What strikes you immediately is the ruthlessly pared-down writing. The dialogue has a reckless, untrammelled quality and a determination to leave no layer of self-deception unexposed and no comforting complacent illusion in place. Sometimes it is done with genuine wit as in the remark that too often ‘understanding and forgiveness are draped around the house like tired Christmas decorations’. But mostly it is done with great economy of means – you can see why towards the end of his life in the 1960s both Orton and Pinter held Coward in real respect, and he for them.

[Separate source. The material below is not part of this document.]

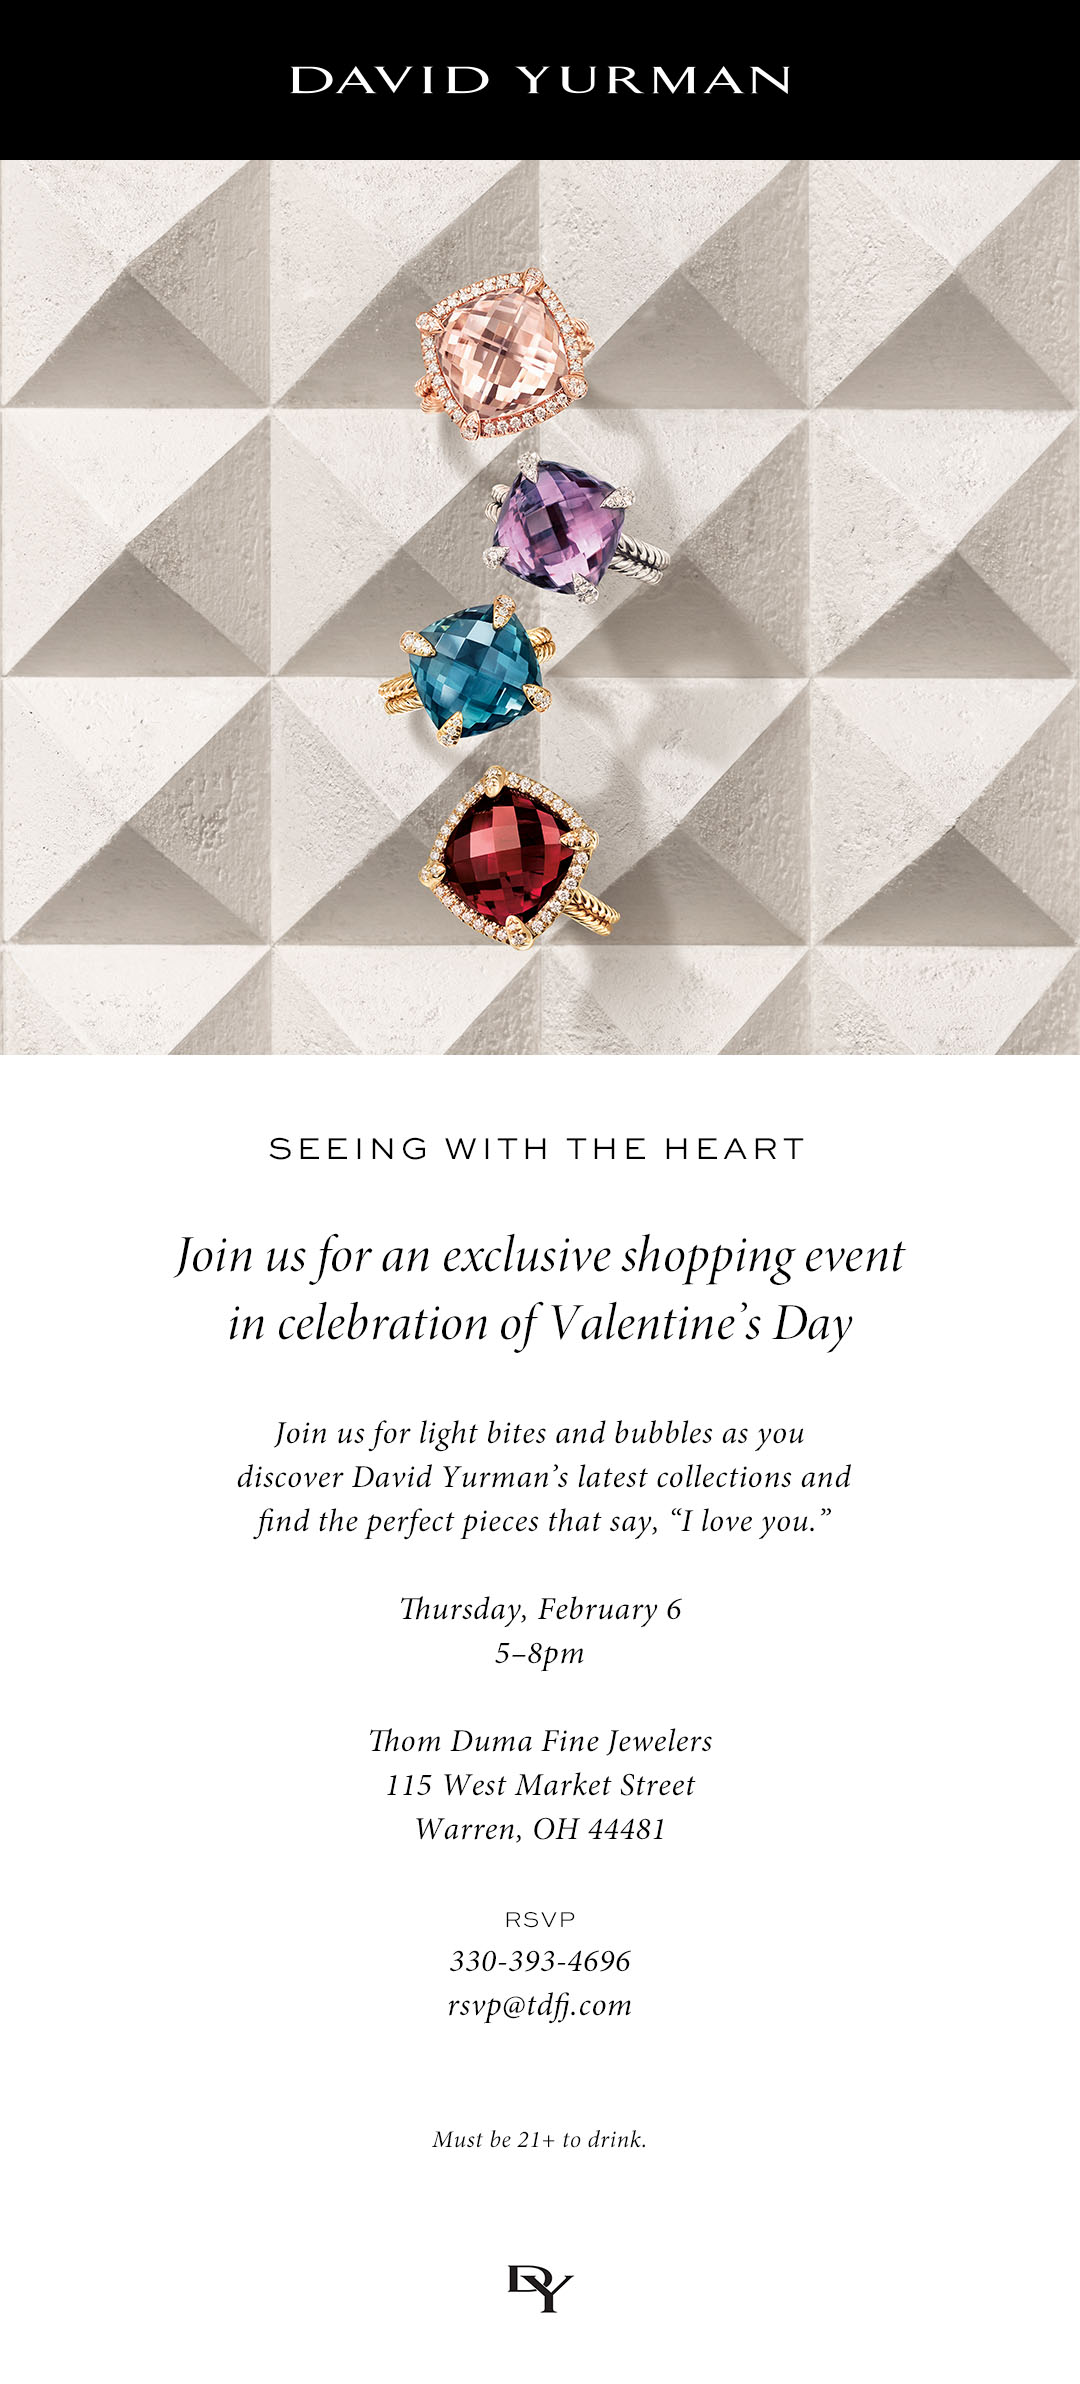 From February 6th to the 9th, Jeweler Thom Duma Fine Jewelers Will Be Holding a Special David Yurman Event

The play is a three-hander. Alice (Tracey Pickup) is unhappily married to David (Stephen Fawkes), who has much more in common in temperament and interests with Alice’s best friend Marion (Beth Eyre). The action takes place in Alice’s bedroom – a nifty scene change done by the cast themselves during the interlude music, and the detailed period result reflecting due credit on Oliver Daukes (designer) and Andrea Marsden (set dresser). Alice is bored with herself and her marriage and perceives that her husband and best friend are far too high-minded to begin an affair. She tries to precipitate change by revealing that she herself has not had any such scruples. The play pirouettes delightfully around the truth or fiction behind these claims and makes great play of how traditional morality manages to combine self-deception and self-congratulation. Director Jimmy Walters correctly sets a furious pace and there is lots of movement and physical interaction that is naturalistic rather than stylised. This time the young actors are fully in tune with the writing and take all the wonderful opportunities given to them by the writer. The play embodies Coward’s claim that a short play has ‘a great advantage over a long one in that it can sustain a mood without technical creaking or over padding’.
The Better Half deserves a much wider audience, and would make a wonderful match for Rattigan’s The Browning Version, which has never really found an effective partner play in either Harlequinade or David Hare’s South Downs. Both plays expose comforting illusions about married life, but with very different outcomes and contrasted tone in the writing – a fine potential double-bill in the making. One final cavil: ‘A Naughty Night with Noel Coward’ is a truly wretched title to choose for this theatrical night out. It smacks of cheap titillation - the world of Frankie Howerd and the Carry-On Films. While Coward professed to write light comedies he did not write vulgar or obvious ones. A better title, perhaps, would be Duets for Three, given that in each case there are three partners involved where there can only in the end be two – a subject for laughter to be sure, but also for irony and pathos.
In sum, this is a thoroughly absorbing evening in the theatre with high professional values across the board, but where the real rewards and revelation come in the second half.
A Naughty Night With Noel Coward runs until 29th August 2015.